SACRAMENTO, Calif. — When Dr. Vanessa Walker received her first vaccine shot in December 2020 she was full of hope the pandemic would take a turn for the better. Nine months later, that hope is overpowered by a deep sadness.
"I've been taking care of families on the frontlines and helping families navigate through this, I never thought, or I always hoped, I wouldn't be on the other end," Dr. Walker said. "It's terrible being on the other end."
Dr. Walker's father-in-law, Melborn Buddy Walker, 69, succumbed to the virus she's been fighting on the front lines of the pandemic for the past 18 months. She and her husband, Robert Walker, say his death was preventable.
"He paid the price because we're not having enough people get vaccinated," Dr. Walker said. "As a health care worker, every day putting my health on the line, my family's health on the line, I beg, please get vaccinated. It's the right thing to do."
Robert Walker said his father, who lived in Tennessee, had a heart attack last month and went to the hospital for emergency surgery. That's where he was exposed and caught the virus, he said. The couple said Walker only had interactions with health care workers when he came back and tested positive for the virus.
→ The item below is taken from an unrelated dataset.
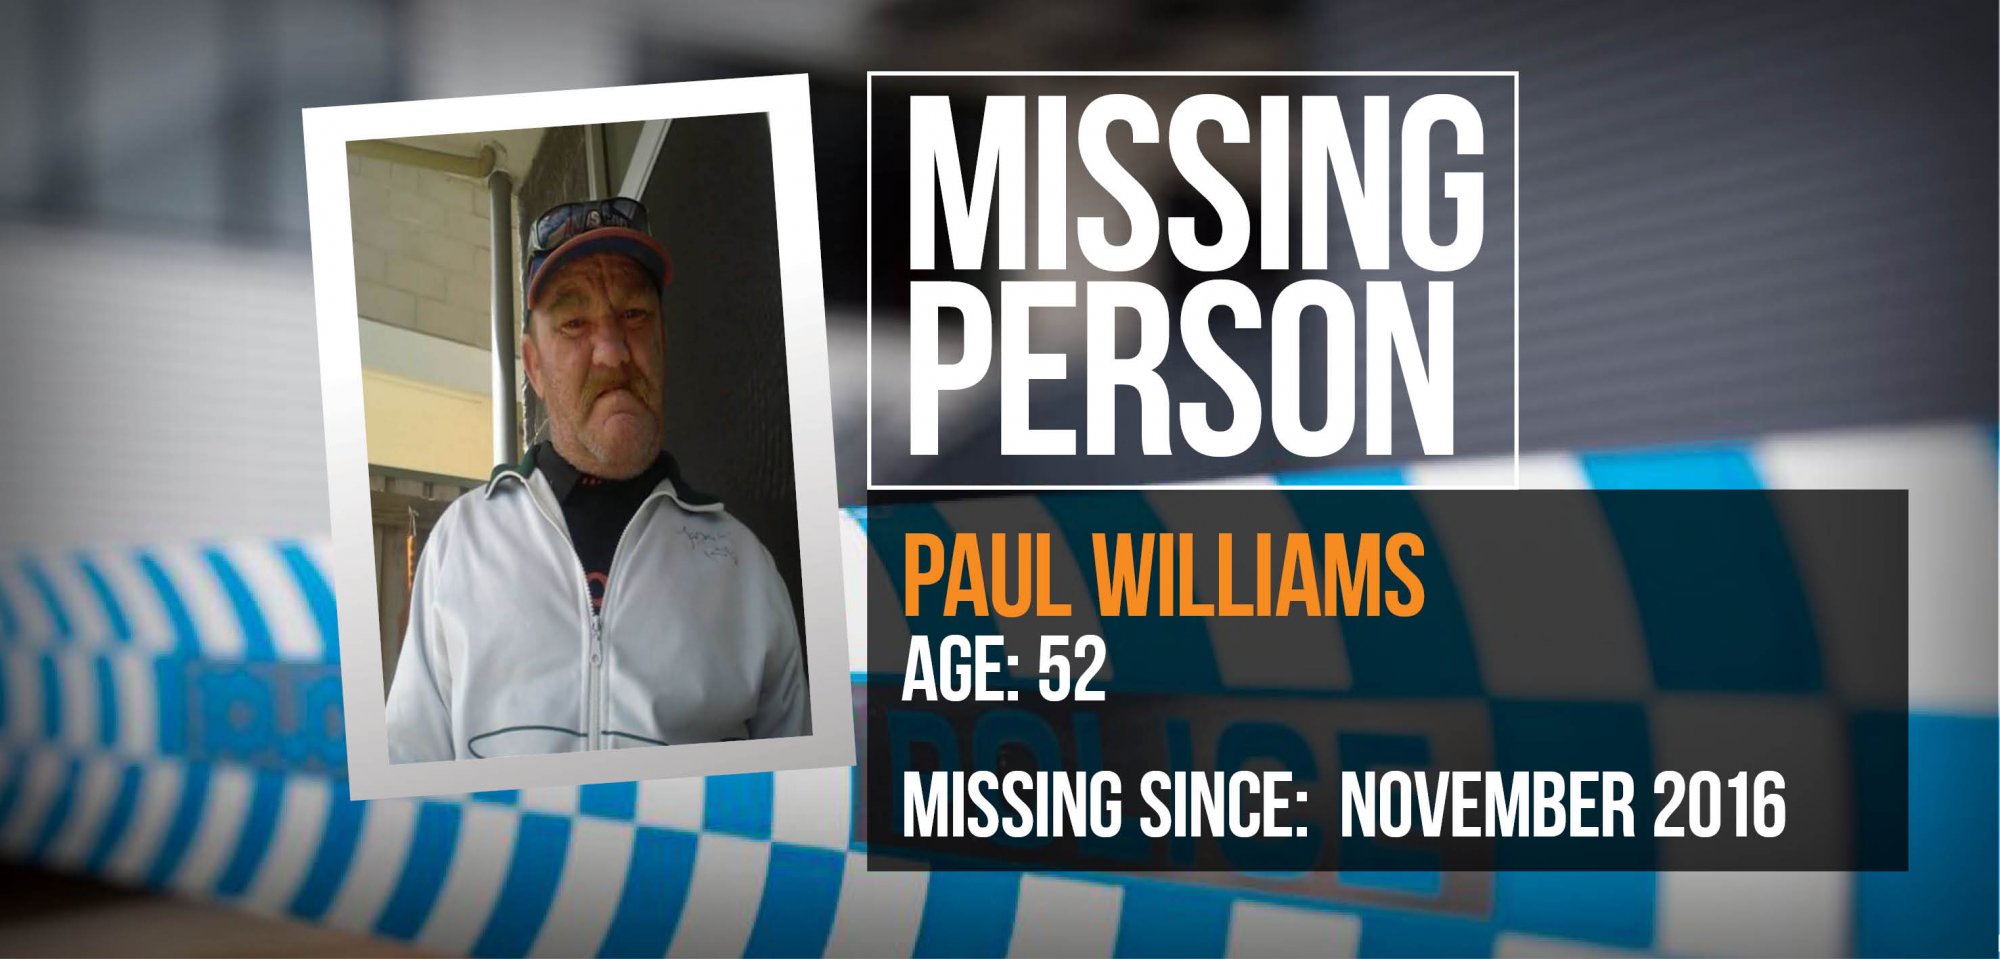 Police seek help to locate Paul Williams, 52, missing since November

Shortly after getting discharged for heart surgery, he was readmitted to the hospital for COVID-19 complications. He died two weeks later, the Walkers said.
They said he was fully vaccinated but had underlying heart issues. His case was a breakthrough infection.
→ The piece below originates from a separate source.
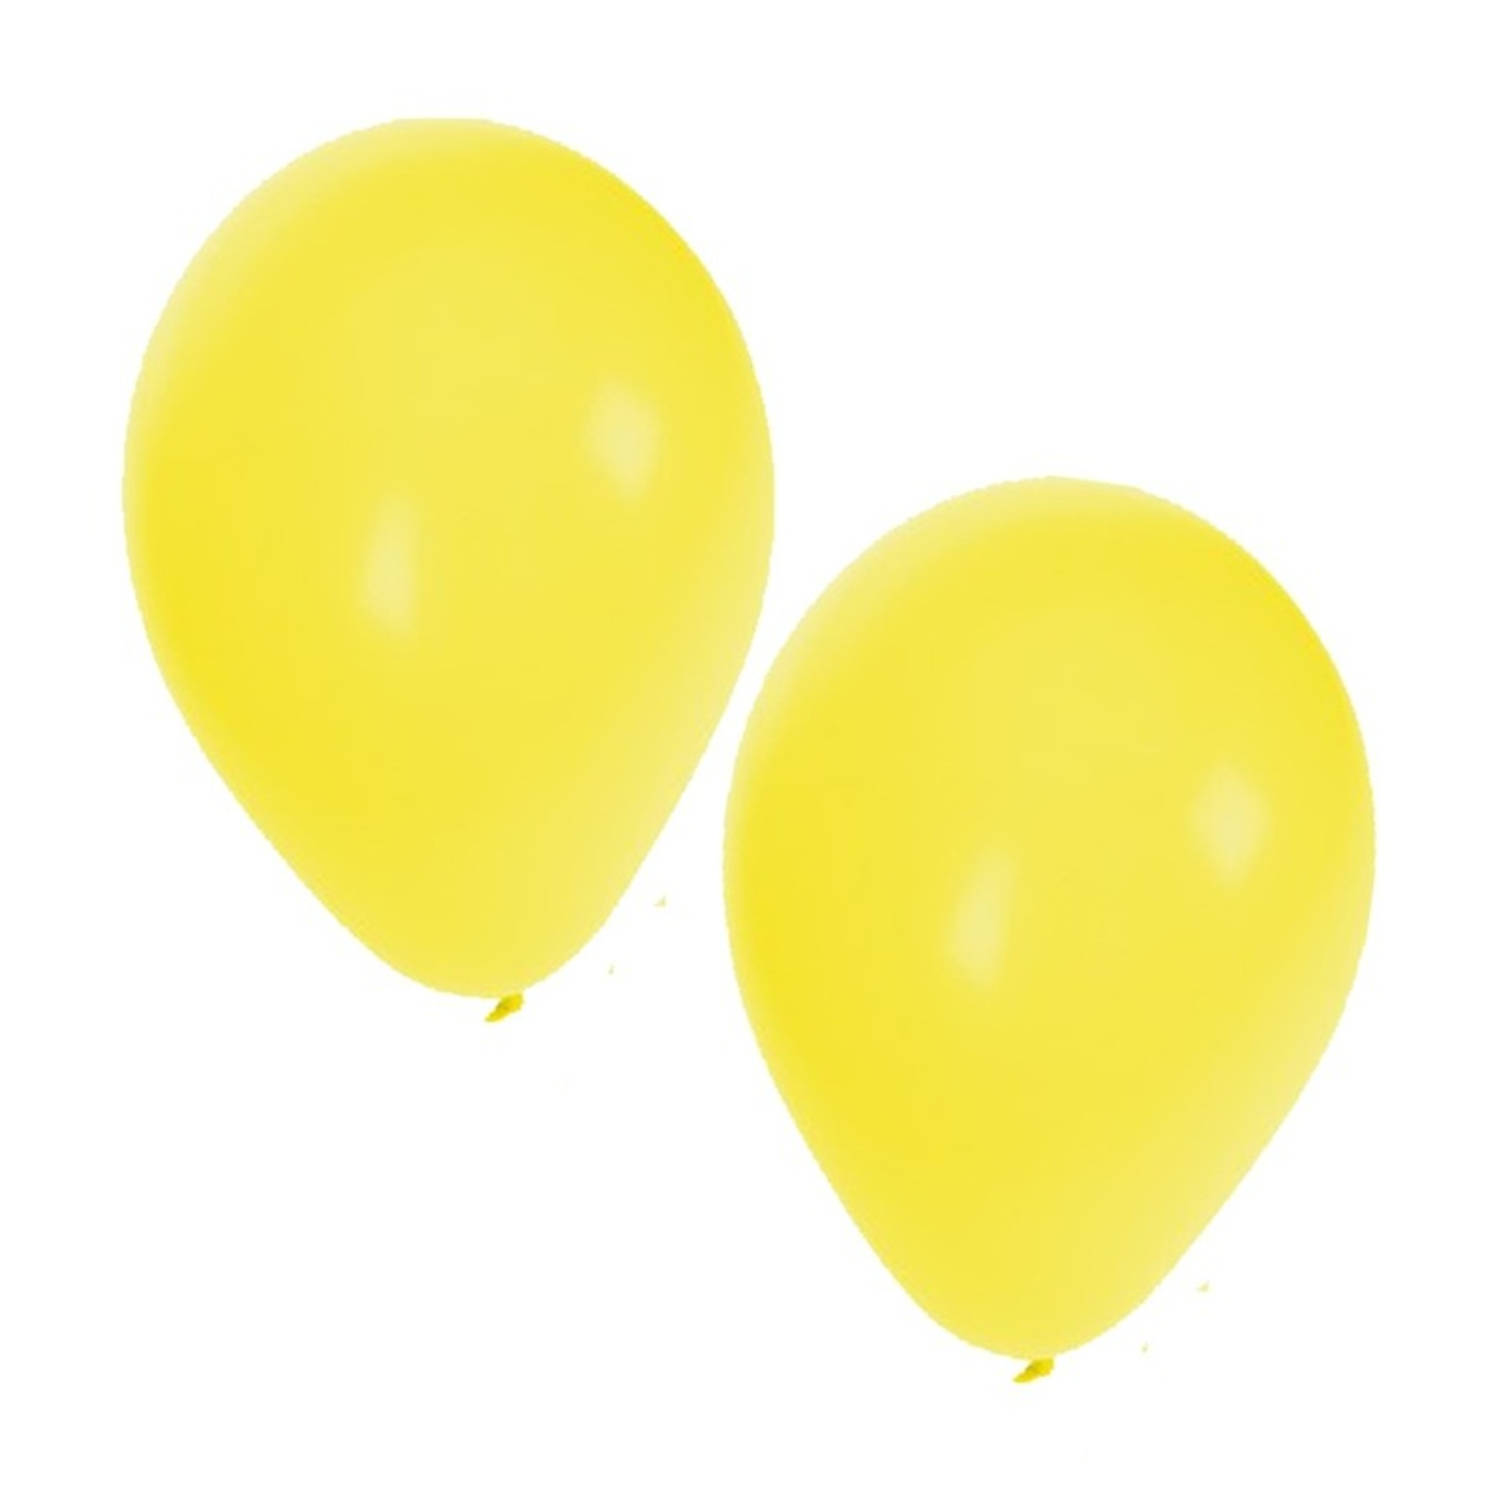 25x stuks gele party ballonnen van 27 cm - Ballonnen

"Vaccinate yourself so you can protect the ones around you that either can't be, or if the vaccine is going to fail," Robert Walker said.
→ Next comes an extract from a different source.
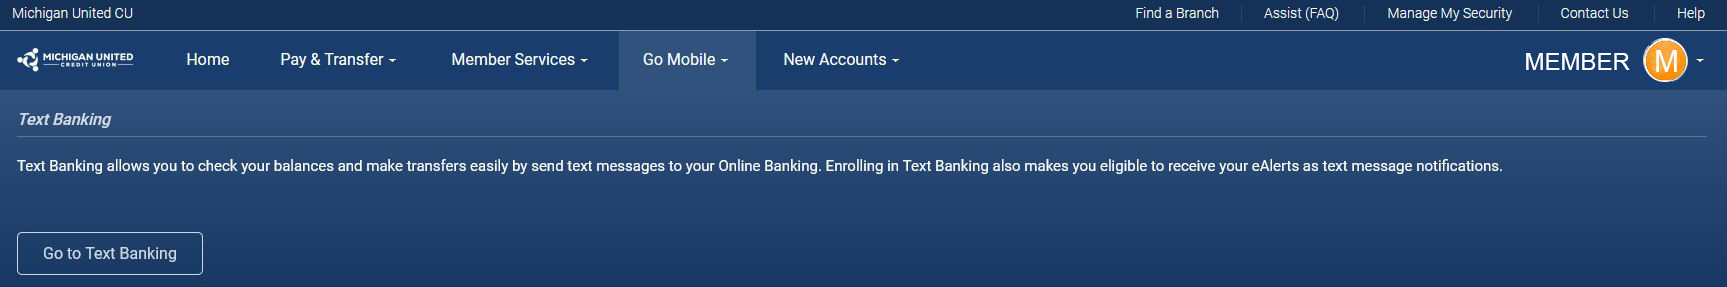 Go Mobile Tab Screenshot Online Banking

It's a reminder the couple said, that the vaccine doesn't just protect people on an individual basis, but helps protect others who are at greater risk.
"The more people that get vaccinated, the less the breakthroughs will happen," Dr. Walker said.
Not only that, they say their family's loss ripples down to hospital staffing in Sacramento as they take time off to grieve.
"A death in Tennessee is now going to take a health care worker off the front lines," Dr. Walker said. "That's one less person who's going to be there to help you if you need it. So we are all interconnected. Everything we do every decision we make affects other people."
The Walkers say they hope sharing their story can help convince people to get vaccinated if they haven't already, especially those in health care and school settings who interact with people who can't get vaccinated or are immunocompromised.